Мысль открыть в Москве школу или, менее определенно, центр высшего образования уже носилась в воздухе. Некогда, в 1640 г. Петр Могила, знаменитый киевский митрополит, предложил царю основать в Москве монастырь, в котором монахи киевского братства преподавали бы дворянским детям и выходцам из народа греческие и славянские гуманитарные науки[455]. Последовали тяжелые споры о вере с принцем Вальдемаром и сопровождающим его пастором Фильгабером, которые, по крайней мере порой, давали понять, что знание латыни и греческого также необходимо богословам, как и толмачам Посольского приказа. Наконец, в 1645 г. митрополит Палеопатрасский Феофан посоветовал выписать в Россию «преподавателя грека, чтобы преподавать детям философию, богословие и языки греческий и славянский»[456].
В 1646 г., казалось, уже нашли подходящего человека. Это был грек Венедикт, прибывший без особого приглашения в Москву, преподаватель греческого языка в Киевской коллегии, называвший себя «старшим архимандритом, доктором и богословом Великой Константинопольской церкви». Он расхваливал свою науку, свой успех и свои таланты. Ртищев не замедлил познакомиться со столь ученым мужем: он проявил в отношении его столько наивной, полной восхищения привязанности, что грек, в свою очередь, называл его своим «сыном о Святом Духе», «любимым и мудрейшим государем Федором». Он согласился, чтобы Ртищев стал посредником для передачи Борису Морозову его сочинения относительно семи чаш Апокалипсиса[457]. Однако в это время Венедикт получил уже из Посольского приказа распоряжение об отъезде, будучи уличен, помимо своего хвастовства и своей жадности, в подлогах и попытках кражи[458].

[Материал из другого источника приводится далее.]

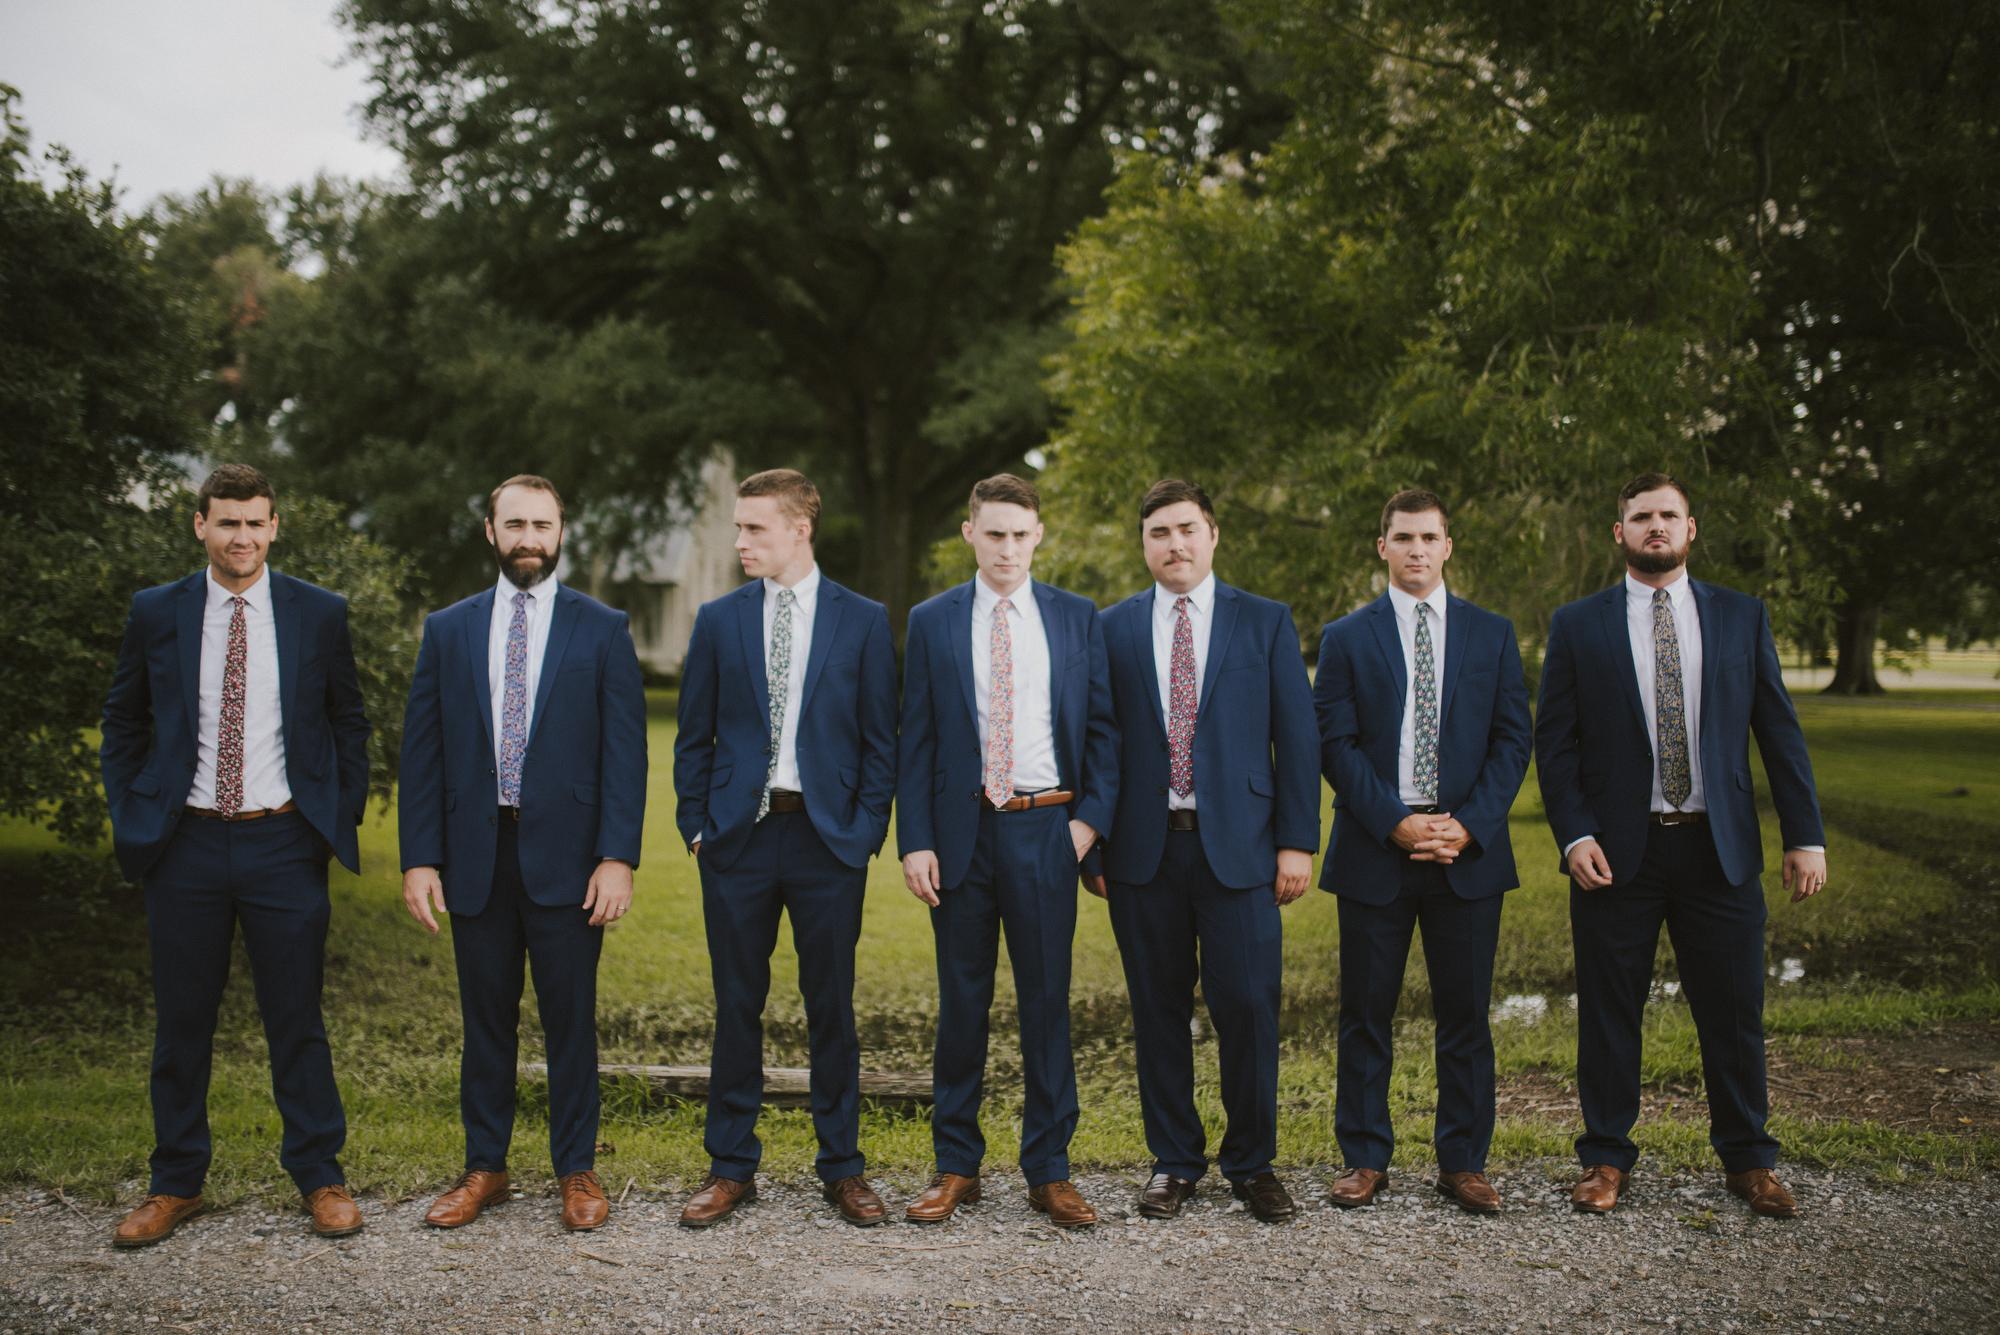 ofRen_weddingphotography056.JPG

Неудачный опыт с Венедиктом не свидетельствовал против самой мысли пригласить иностранного преподавателя; он доказывал только, что было бы лучше доверяться малороссам, чем грекам. Это становилось все более и более убеждением Ртищева. В небольшой группе друзей, состоящей из Стефана Вонифатьева и Никона, священников известного возраста, царя Алексея и Федора, людей молодых и светских, последний отличался своей страстью к малоросской науке[459].